Touchin' on Trane is a live album by American jazz saxophonist Charles Gayle, bassist William Parker, and percussionist Rashied Ali, featuring performances inspired by John Coltrane which were recorded in Germany in 1991 for the FMP label.

When on tour, the trio was billed under the name By Any Means; however, the album was released using the musicians' individual names for contractual reasons. The group would not release another recording until Live at Crescendo, issued by Ayler Records in 2008.

==Reception==

The AllMusic review by Brian Flota awarded the album five stars out of five, stating "This is Charles Gayle's most accessible work. Gayle's mastery of free jazz is blended with a more traditional compositional style of jazz on this disc... Gayle, bassist William Parker, and Ali don't copy Coltrane, but rather expand on his accomplishments. Without covering any songs, Touchin' on Trane is the greatest John Coltrane tribute album".
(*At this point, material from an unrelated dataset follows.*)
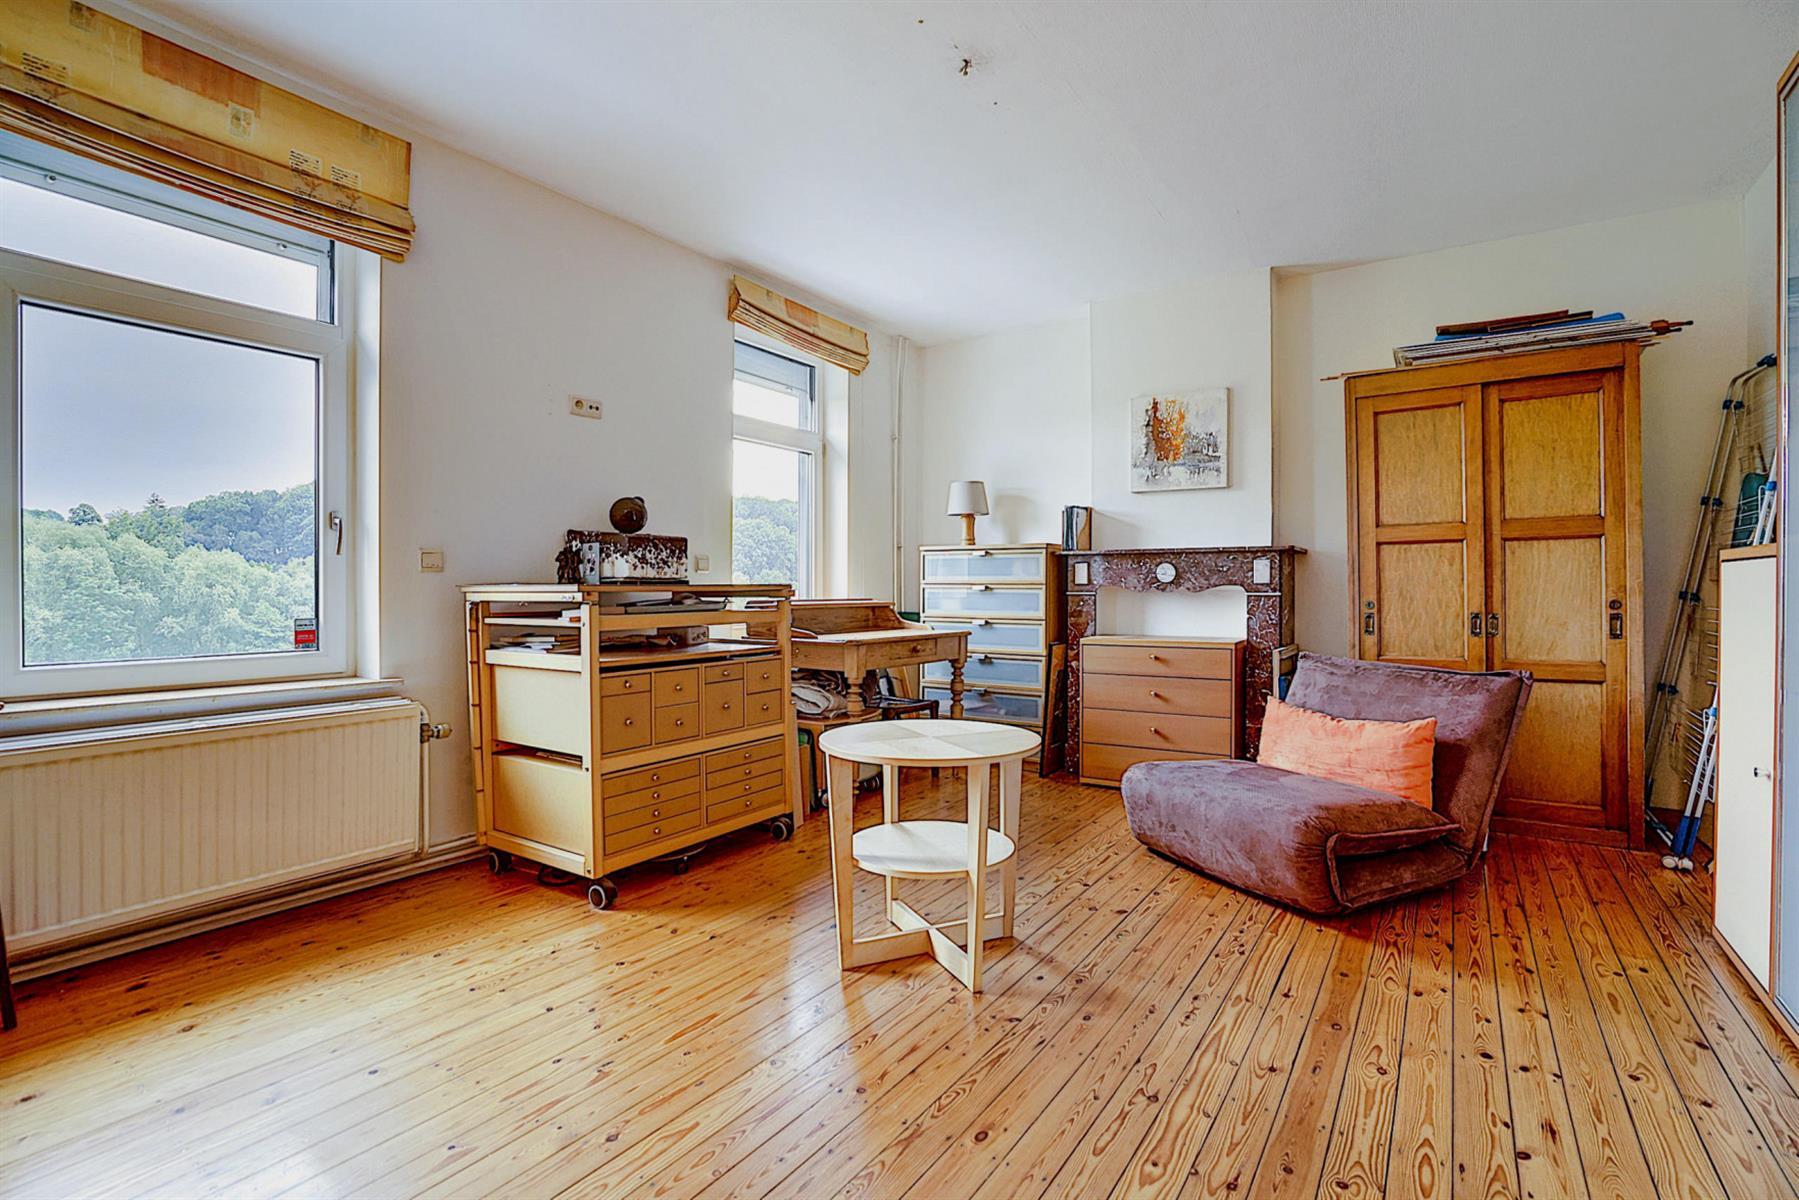 Maison - Bousval - #4395358-18

The authors of The Penguin Guide to Jazz called the album an "outright masterpiece" that "seems likely to be a central document in the free music of the decade," and identified it as part of their suggested "Core Collection" of essential jazz albums, awarding it a "Crown", signifying a recording that the authors "feel a special admiration or affection for".

Francis Lo Kee of All About Jazz called the album "one of the strongest of the '90s," and noted that Gayle "plays with the conviction and strength of a Coltrane or Rollins in their twenties and thirties."

Writing for Burning Ambulance, Phil Freeman commented: "What separates Touchin' On Trane from the pack is the mastery of the three players involved, and their ability to be taken out of themselves by the opportunity to work with the others... each man plays at the highest possible level, driving the others forward even as he reaches deep within himself to bring out something ineffable and awesome."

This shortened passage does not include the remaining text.